One of these unintended consequences is the skyrocketing household debt from coast to coast.
According to a new report from Equifax, Canadian consumers had $1.568 trillion worth of consumer debt in the second quarter of this year. This is equal to $21,164 of debt per Canadian, which has gone up two percent in the past year.
Here are the debt loads per province:
Alberta: $27,313
British Columbia: $23,011
Manitoba: $17,573
New Brunswick: $21,449
Newfoundland & Labrador: $22,055
Nova Scotia: $21,063
Ontario: $20,793
Prince Edward Island: $20,853
Quebec: $17,758
Saskatchewan: $23,347
Just what are Canadians buying? Here is an excerpt from the Globe and Mail:
“Since the start of the year, consumers have been drawing down their savings to buy houses, cars, furniture and clothing. Credit-card spending rose by 8 per cent this year, with spending on restaurants and fast food up more than 12 per cent, according to a study by payment processor Moneris Solutions Corp. Auto loans rose nearly 4 per cent in the second quarter on the back of record vehicle sales, credit rating agency Equifax found. But much of the strength has been driven by the resilient housing market, which has convinced buyers and homeowners to pour money into their homes.

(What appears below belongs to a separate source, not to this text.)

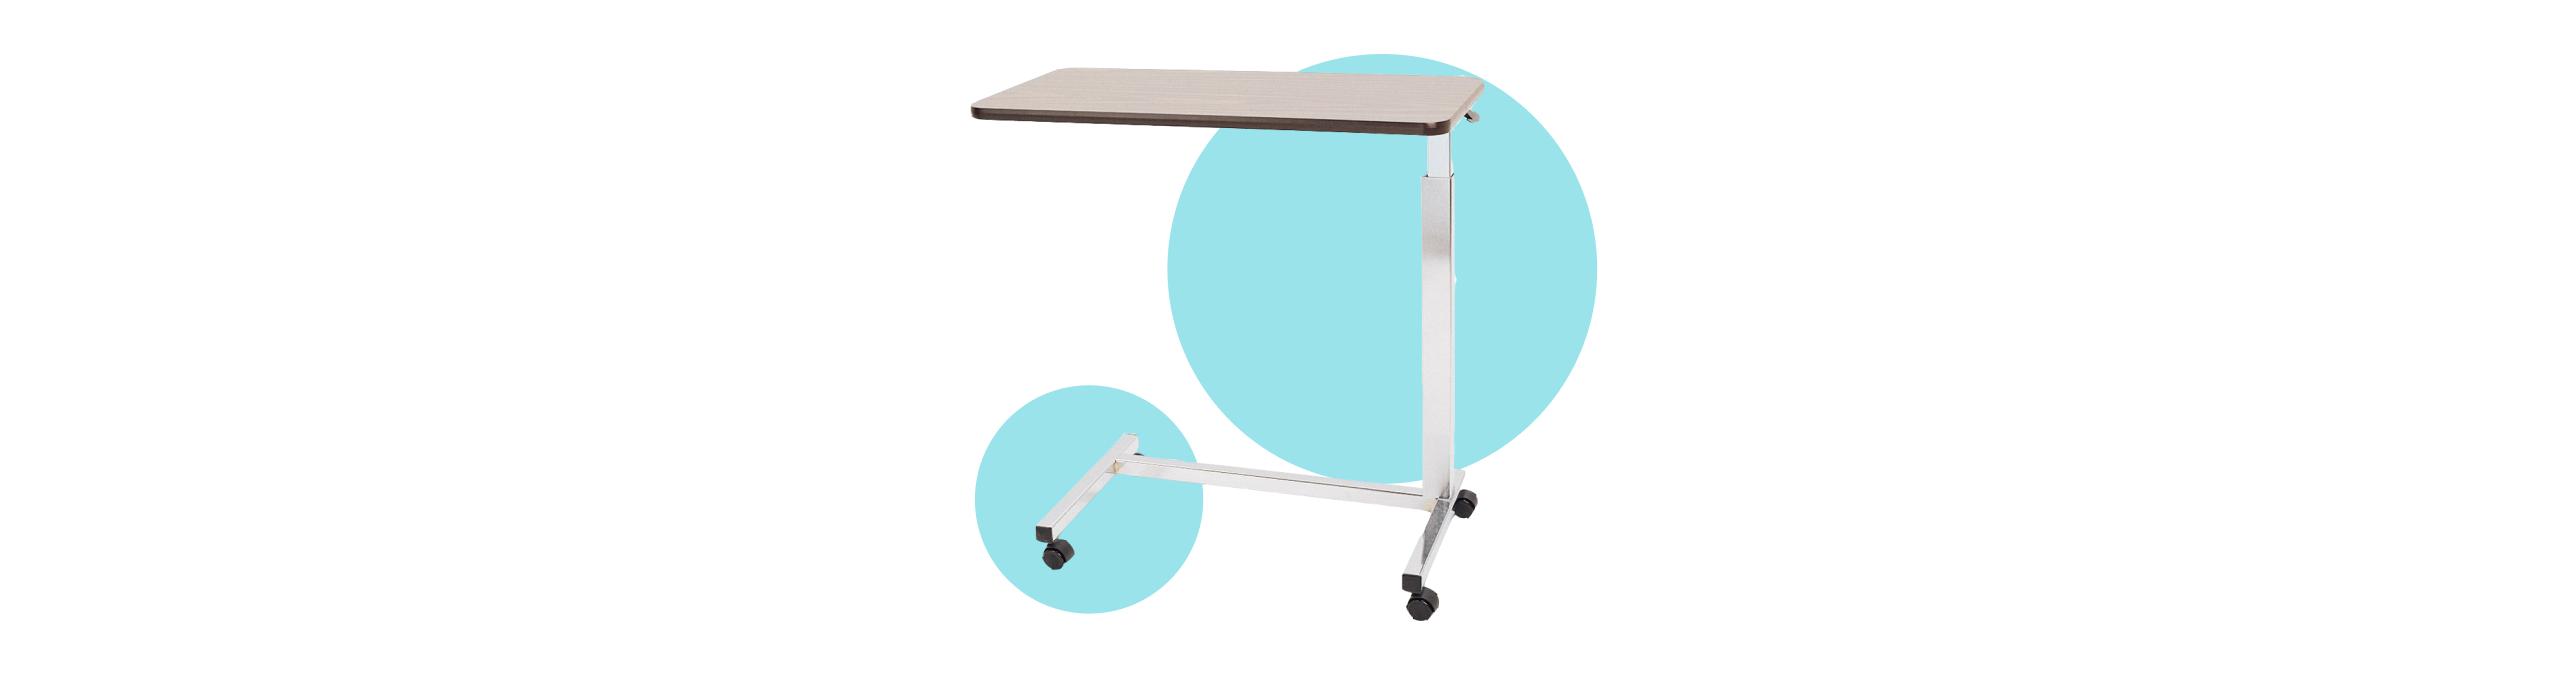 โต๊ะติดล้อเลื่อน

“Home improvement spending soared nearly 10 per cent in the second quarter of the year compared with the same time last year, led by sales of glass, paint, wallpaper and flooring, Moneris found. Furniture sales are up more than 17 per cent. Half of all consumer spending now comes from Ontario and B.C., two markets that have led the way for home prices and where Toronto-Dominion Bank economic analyst Admir Kolaj notes retail sales have also had the best start to the year in the past decade.”
Bank of Montreal chief economist Douglas Porter told the newspaper that consumers will ultimately choose instant gratification if they are employed, receive modest wage increases and live in a low-rate environment.
The problem, however, is that all of this spending by households from British Columbia to PEI isn’t matching the incomes. The household debt to income ratio is now at an all-time high of 165 percent. Today, Canadians spend 14 percent of their after-tax income on debt servicing payments, up from 11 percent in 1990 (when rates were at 14 percent).
Ostensibly, it seems seniors are bearing the brunt of this potential debt crisis. Seniors increased their debt loads by 4.9 percent, and their delinquency rate rose by 2.4 percent in the second quarter.
These are huge numbers considering that the Great White North has been a “technical recession” all year long. Demand for credit is strong. Perhaps Canadians believe to become prosperous is to spend their way out of their perpetual indebtedness.
This is what Liberal leader Justin Trudeau advocates in the current campaign cycle. So why wouldn’t consumers follow his rhetoric?